The second component is the slowing of Moore's law among conventional pipelined RISC architectures, including their x86 equivalents. I won't go into the reasons for the microarchitectural exhaustion in this class of processors. The upshot is that the improvement in single-thread uniprocessor performance (much less than 4X, by the way) that we used to see every three years, we may now see only every ten years. I'm partly reading tea leaves here. In any case, sequential performance in RISC uniprocessors is improving at a much, much slower exponential rate than it used to. Hence the frantic shift to multicore.
The third component is a variant of the first component. In certain designs like Blue Gene/L, designers consciously chose weaker processors to achieve architectures that were more power scalable as low-bandwidth systems.
To answer your question, the take-home message is that users with large numbers of weakly parallel processors will find that only their "embarrassingly parallel" (more accurately, embarrassingly local) applications will survive. All other applications will die off from computer-induced natural selection.
Let me try to be fair here. Slightly less obnoxious machines will allow slightly less local applications to perform well; in computing, almost everything is a continuum.
To repeat this somewhat dramatically, the architectures I think you are talking about will rigorously downselect to nothing but embarrassingly local applications; this is not exactly my definition of acceptable breadth-of-applicability.
HPCwire: Some engineers have complained about the trend toward slower processors. They say that because their applications don't scale beyond a handful of processors, this trend is actually setting them back instead of moving them forward. Comment?

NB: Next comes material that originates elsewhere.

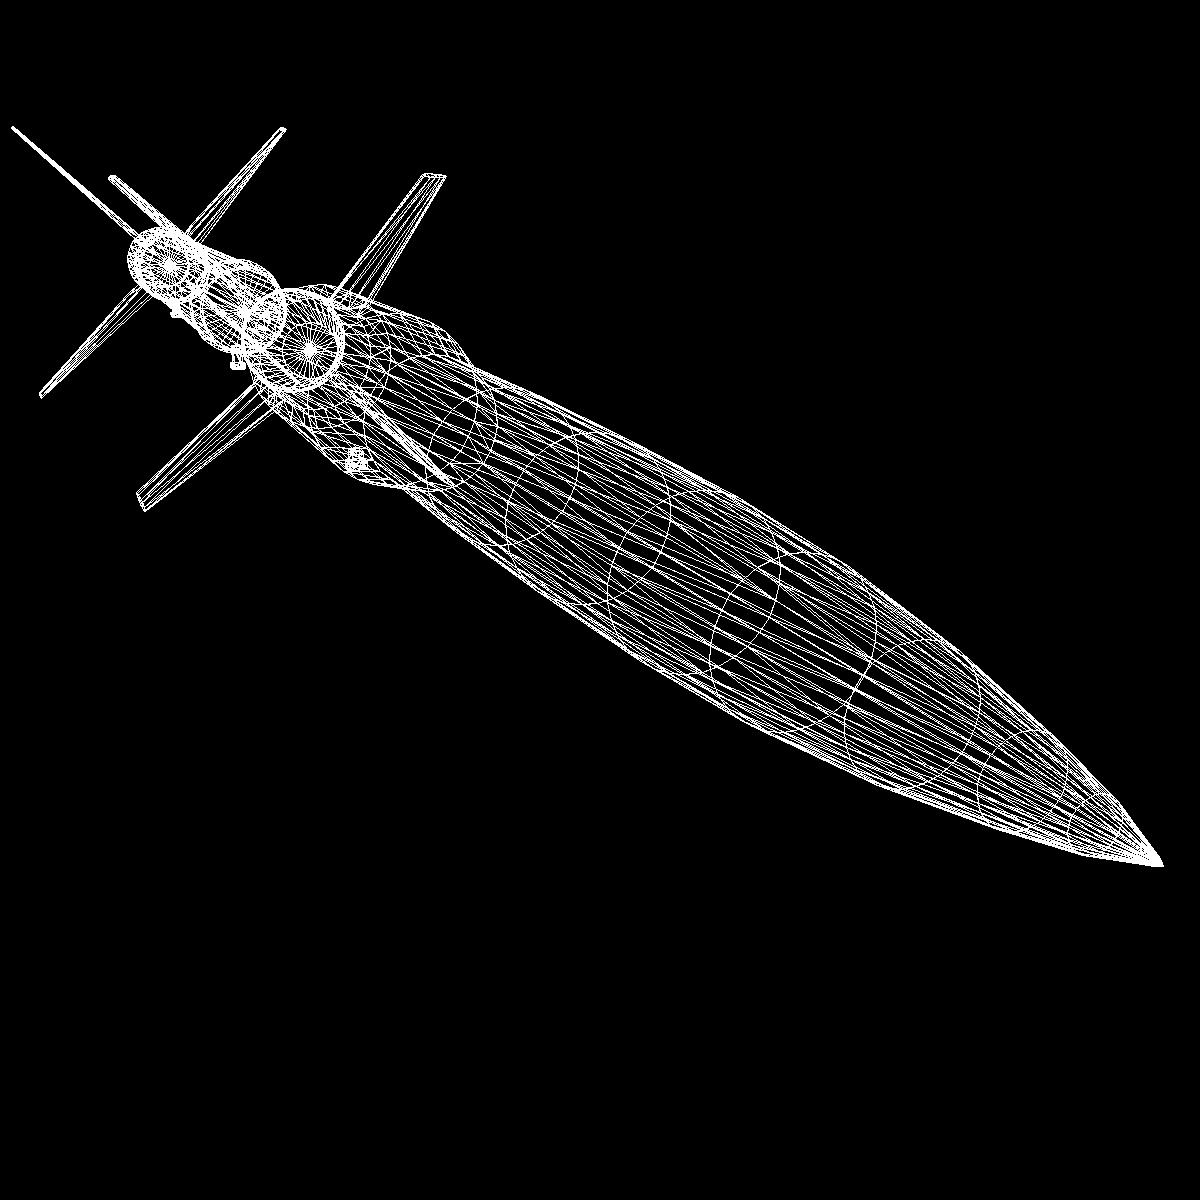 Astrobee 200 Rocket 3d model 3ds dxf fbx blend cob dae X   obj 165970

Probst: If your applications don't scale, then something is terribly wrong! This is an enormous issue. I am afraid we will have to reopen the old debate about whether future workloads will be highly parallel and whether programmers and compilers will be able to map the task and data parallelism in tomorrow's applications onto a complex, explicitly parallel hardware substrate. Of course, by the "No Application Left Behind" Act, we will have to find some way to accommodate our serial customers. And also the serial parts of our parallel customers.
HPCwire: What's your take on the importance of heterogeneous processing? Talk about the value of microprocessors and other types of processors.
Probst: I think there are far too many meanings of the phrase "heterogeneous processing." Currently, most people are focusing on the most trivial form of heterogeneous processing.
The current fashion in "heterogeneous processing" is to imagine that a wholehearted embrace of various kinds of co-processing will transform high-performance technical computing. So people are proposing: Take a RISC CPU and add vector coprocessors or GPUs or FPGAs or whatever. Not all of these efforts have been properly thought out and may ultimately lack the revolutionary impact that some of the current hype suggests.
In my view, the right way to deal with heterogeneous processors is to have a single, unified set of programming abstractions (yes, this means a new language) and to let the compiler and runtime worry about mapping this unified set of programming abstractions to a set of widely disparate execution abstractions implemented by each heterogeneous processor. The programming model must be radically simpler than the execution model.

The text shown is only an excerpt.